ABOUT THIS EXERCISE:
The lines below, from the one holding "八月薫傑作マジセレ Hな体験教えます 女性投稿12連発 135" through the one holding "(Color : Green)", are to be restated word for word, with all images left out.

DATA SHOWN:

┄┄┄┄┄┄┄┄┄┄┄┄┄┄┄┄┄┄┄┄

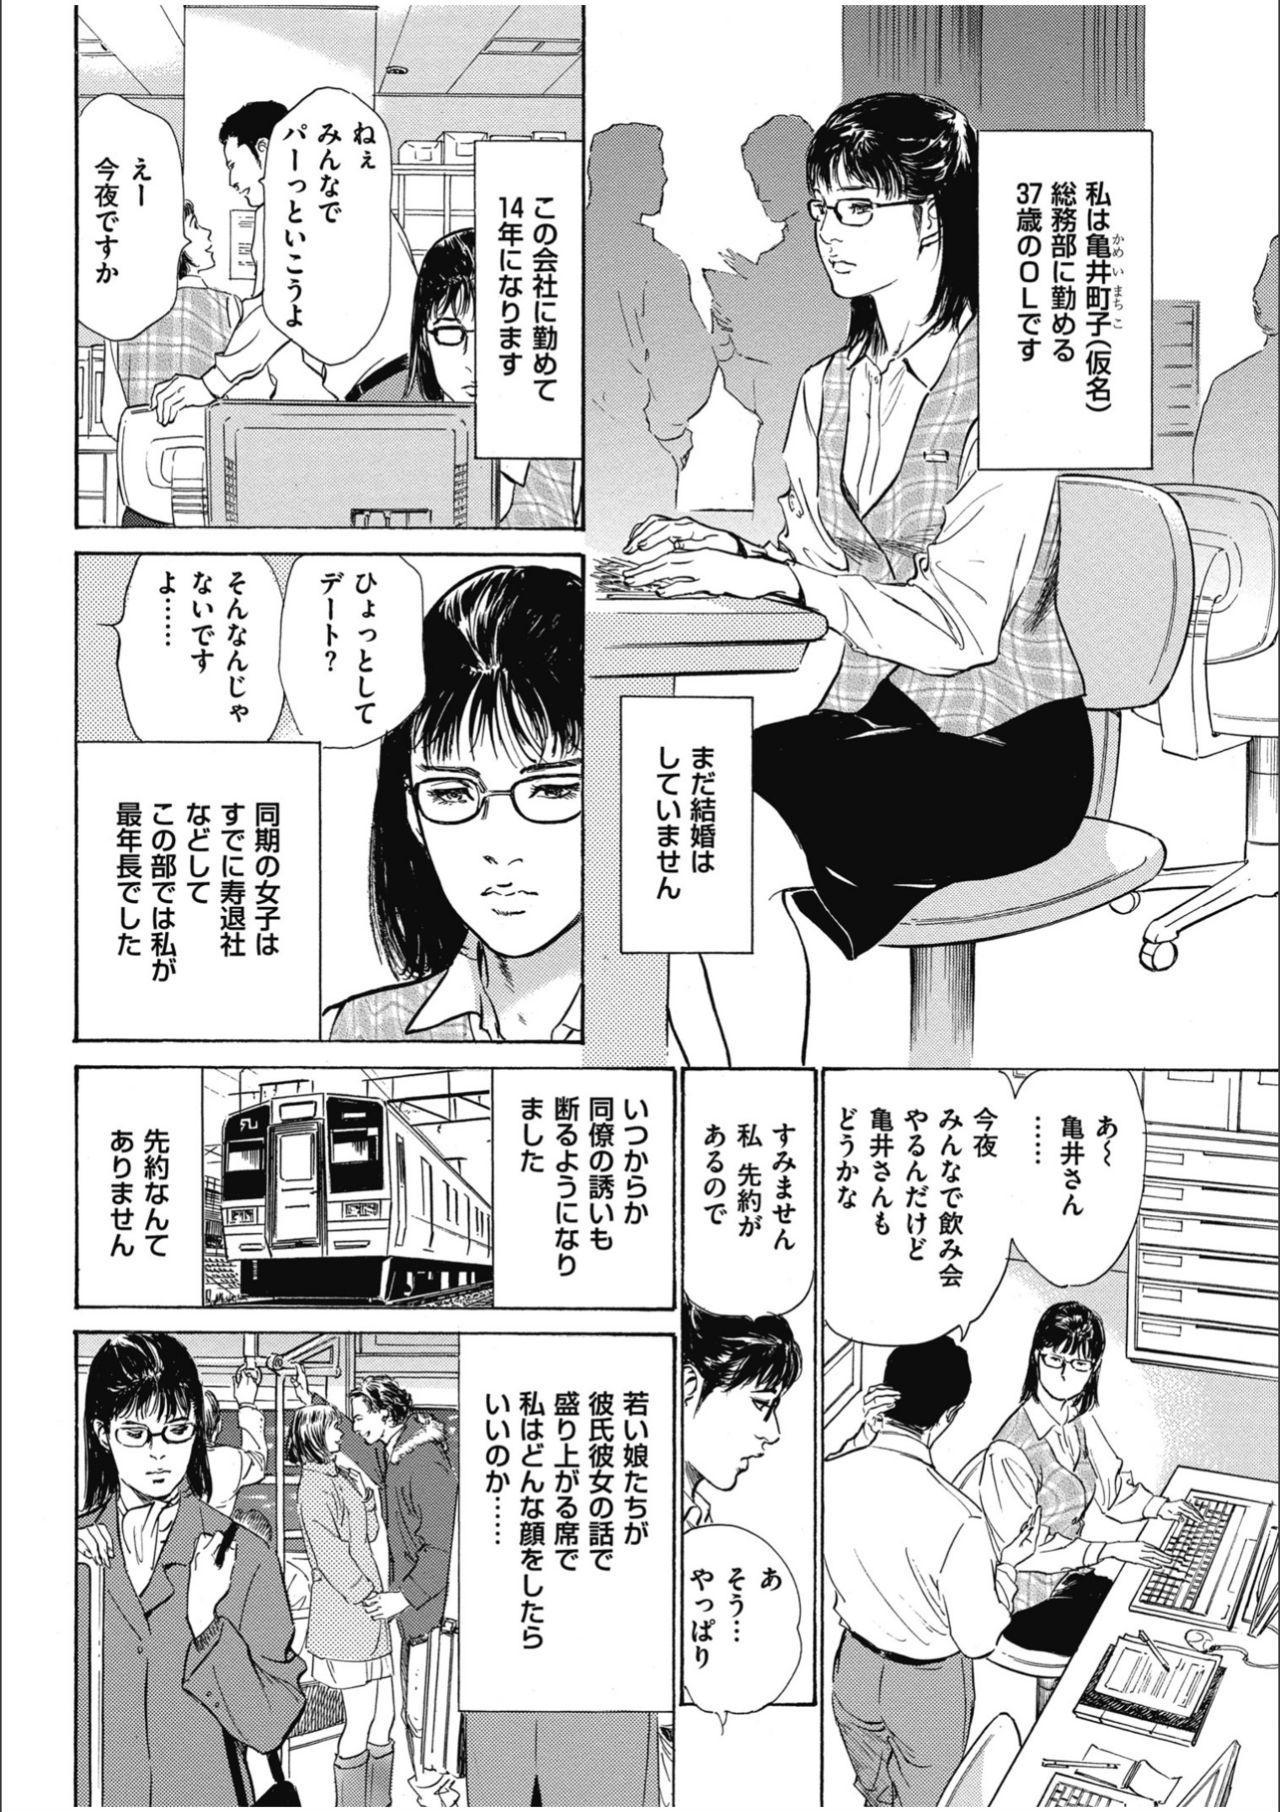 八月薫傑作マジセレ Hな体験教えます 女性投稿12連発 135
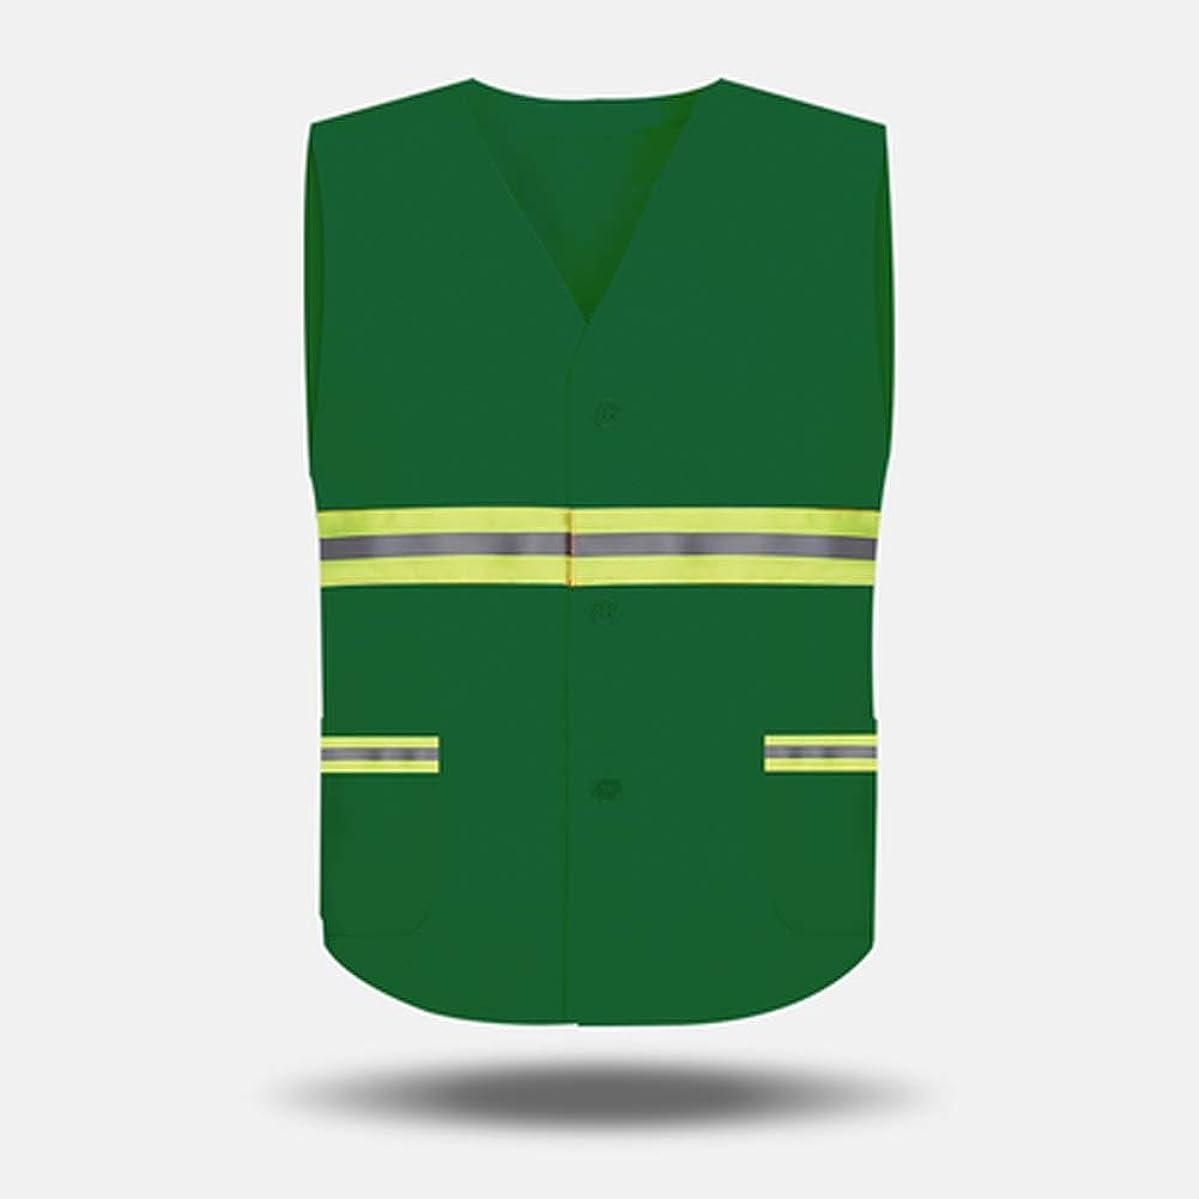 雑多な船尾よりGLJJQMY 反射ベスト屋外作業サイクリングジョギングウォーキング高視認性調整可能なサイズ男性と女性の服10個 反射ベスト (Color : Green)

┄┄┄┄┄┄┄┄┄┄┄┄┄┄┄┄┄┄┄┄

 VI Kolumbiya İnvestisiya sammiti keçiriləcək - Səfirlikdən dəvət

┄┄┄┄┄┄┄┄┄┄┄┄┄┄┄┄┄┄┄┄

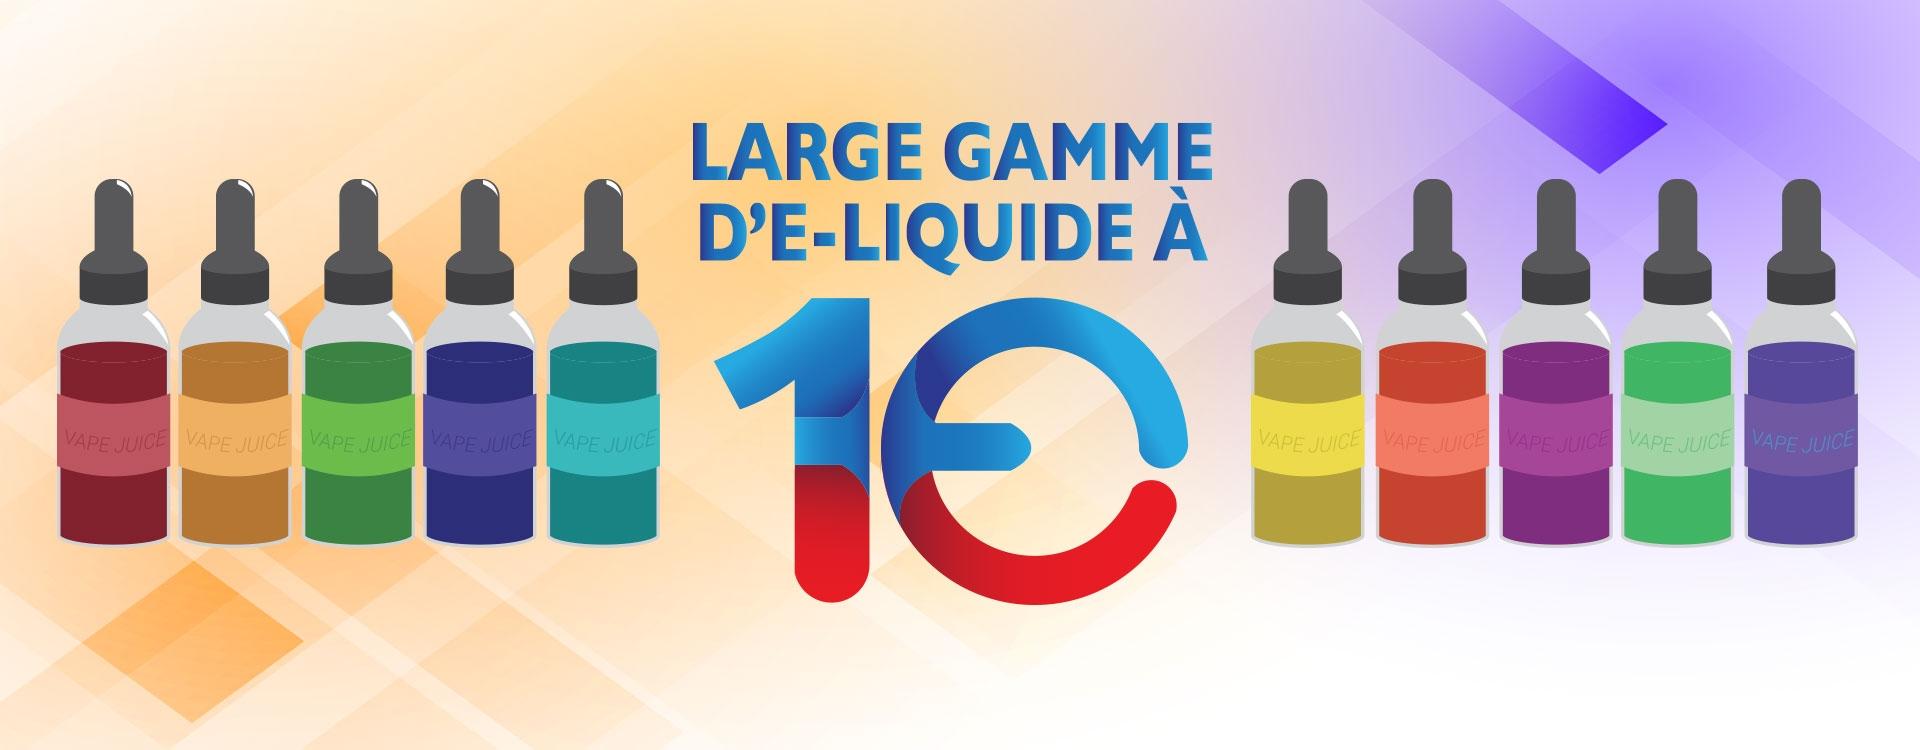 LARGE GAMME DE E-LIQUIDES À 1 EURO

┄┄┄┄┄┄┄┄┄┄┄┄┄┄┄┄┄┄┄┄

REPLY:
 八月薫傑作マジセレ Hな体験教えます 女性投稿12連発 135
 雑多な船尾よりGLJJQMY 反射ベスト屋外作業サイクリングジョギングウォーキング高視認性調整可能なサイズ男性と女性の服10個 反射ベスト (Color : Green)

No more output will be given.